Так, например, краткость оперного текста заставила композиторов добиваться особой четкости сюжетной линии, еще большего чем в драме, единства развития материала, еще большей наглядности драматических средств. Способностью непосредственно воздействовать на зрителя обладали сильное чувство или же энергичное действие. Поэтому на оперной сцене утвердилась потребность выражать именно чувство и действие; они издавна играли первенствующую роль в построении сюжета и в характеристиках. Более сложный и тонкий компонент драматургии – мысль – в построении оперного образа участвовала значительно меньше, чаще всего косвенно. Не случайно содержание популярных опер XIX века, если сравнить его с текстом соответствующих драматических пьес, кажется таким убогим: даже пьесы Шекспира, Гёте и Шиллера в «типовой» обработке для оперной сцены утрачивали силу, богатство и остроту мысли. И ни лирическое обаяние, ни драматизм музыки «Фауста» и «Ромео и Джульетты» Гуно, «Вертера» Масне, «Луизы» Верди не в состоянии были поднять оперное произведение до его литературного прообраза.
Характерно, что самые смелые попытки углубить интеллектуальное начало в оперном искусстве, предпринятые вне связи с национальным театром, не достигали своей цели. Глюк в XVIII веке создал благородные образы античной музыкальной драмы; но при всей гениальности музыки, произведения его все же оказались однообразными и лишенными органически-театральных свойств; философия Вагнера породила громоздкое, неестественно напряженное оперное зрелище, где красота симфонического воплощения идей оказалась в полном противоречии с законами сцены. Среди выдающихся оперных композиторов Запада только
[8]
Моцарт, а позднее Верди и Бизе владели искусством одухотворенного слияния мысли и чувства; но это были прирожденные драматурги, сознательно искавшие опоры в народной театральной культуре.
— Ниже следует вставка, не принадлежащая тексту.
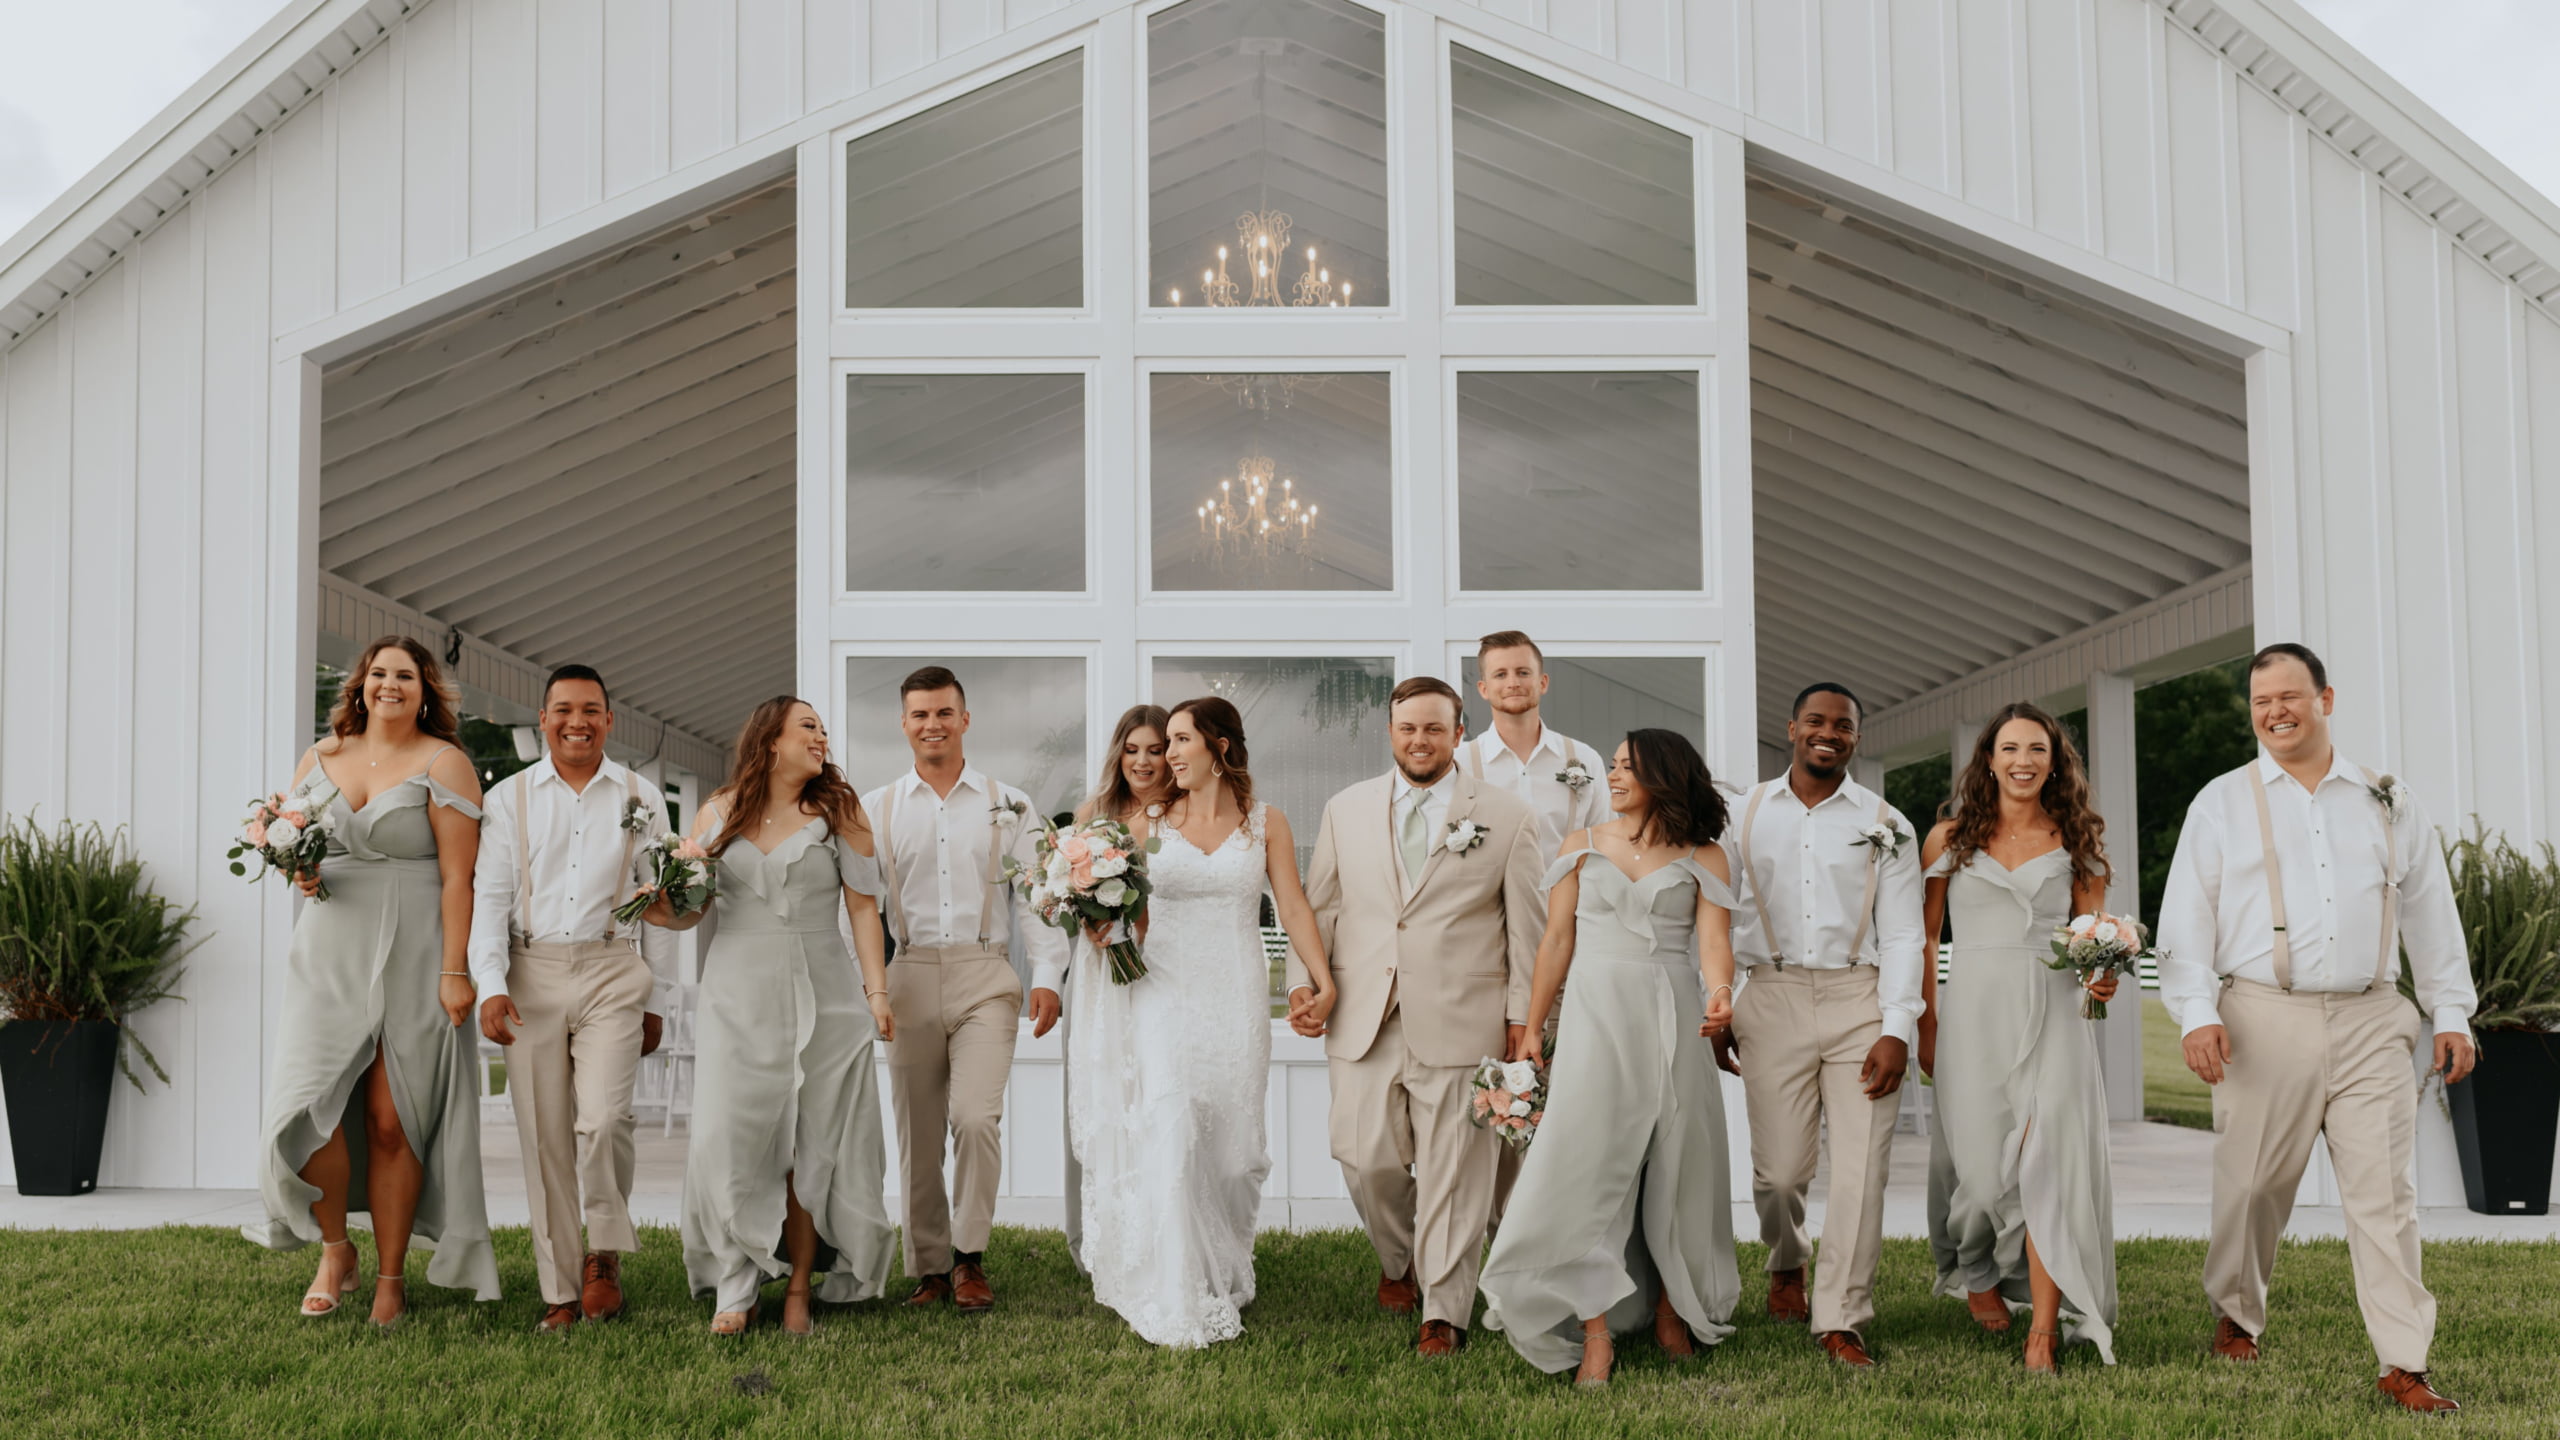 Lakeview Hills outdoor wedding venues in Oklahoma
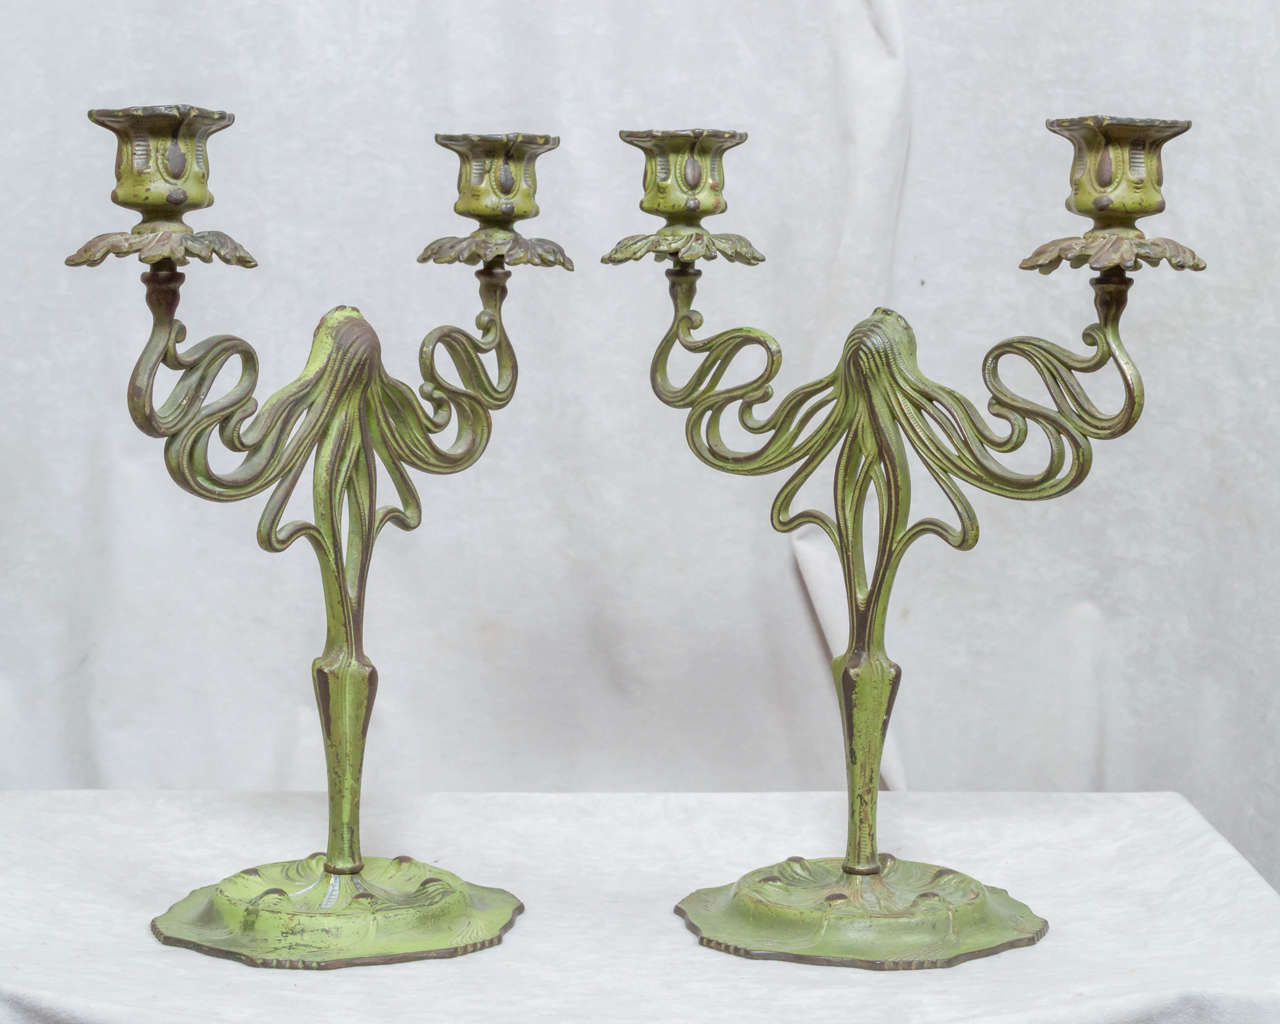 This lovely, sinewy pair of candlesticks demonstrates the allure of Art Nouveau. Having curvilinear lines and the sweet cameo of the woman's face in the center are so very appealing. They have their original green factory applied patina. Similar

Мысль, пронизанная чувством, и чувство – мыслью, вот то драматическое единство, которое помогало русским композиторам создавать полноценные образы и направляло их творчество по новым, никем не открытым путям. И с первых же шагов отечественная литература оказалась их ревностной помощницей.
В богатейшем творчестве писателей и поэтов глинкинской эпохи – в характерном для них сочетании отвлеченной мысли с конкретными житейскими образами, в поразительной живости «видения» окружающего мира, в гражданской активности и органической связи непосредственного художественного впечатления с его философским обобщением – нашли наши композиторы прочную опору для своих новаторских стремлений. Вдохновленный рылеевской «Думой», поэзией Державина, Жуковского, Языкова, Батюшкова, создал Глинка своего «Сусанина» – произведение, решительно сломавшее каноны западной театральной героики. Отказавшись от любовной трагедии, от патетических излишеств, от любования эффектной позой героя, от искусственных конфликтов, он создал оперу, глубоко национальную по всему своему строю, оперу, покорявшую глубиной, страстностью и широтой драматического мышления. Ее герои не только чувствовали и действовали, но и мыслили. Это и придавало любой сцене «Сусанина» ту естественность и свободу изложения, которая стала отличительной чертой всей нашей классической оперной драматургии.
Предсмертный монолог Сусанина может служить одним из ярчайших примеров новой трактовки оперной сцены: героические монологи всегда занимали значительное место в оперной драматургии, являясь своего рода музыкальной декларацией мужества и готовности к подвигу. Но никогда еще идея подвига не обретала такой необычайной для оперы жизненной трактовки: Сусанин не декламировал, обращаясь к публике, он думал, и думы его о родине, о семье, о собственной гибели были изложены с такой простотой, величием и правдивостью, что у зрителя возникало ощущение реальности происходящего.
[9]
Через музыку Глинки Чайковский впервые соприкоснулся с художественным мышлением пушкинской эпохи. «Сусанин» оказался одним из самых сильных музыкально – драматических впечатлений, навсегда оставшихся в памяти Чайковского.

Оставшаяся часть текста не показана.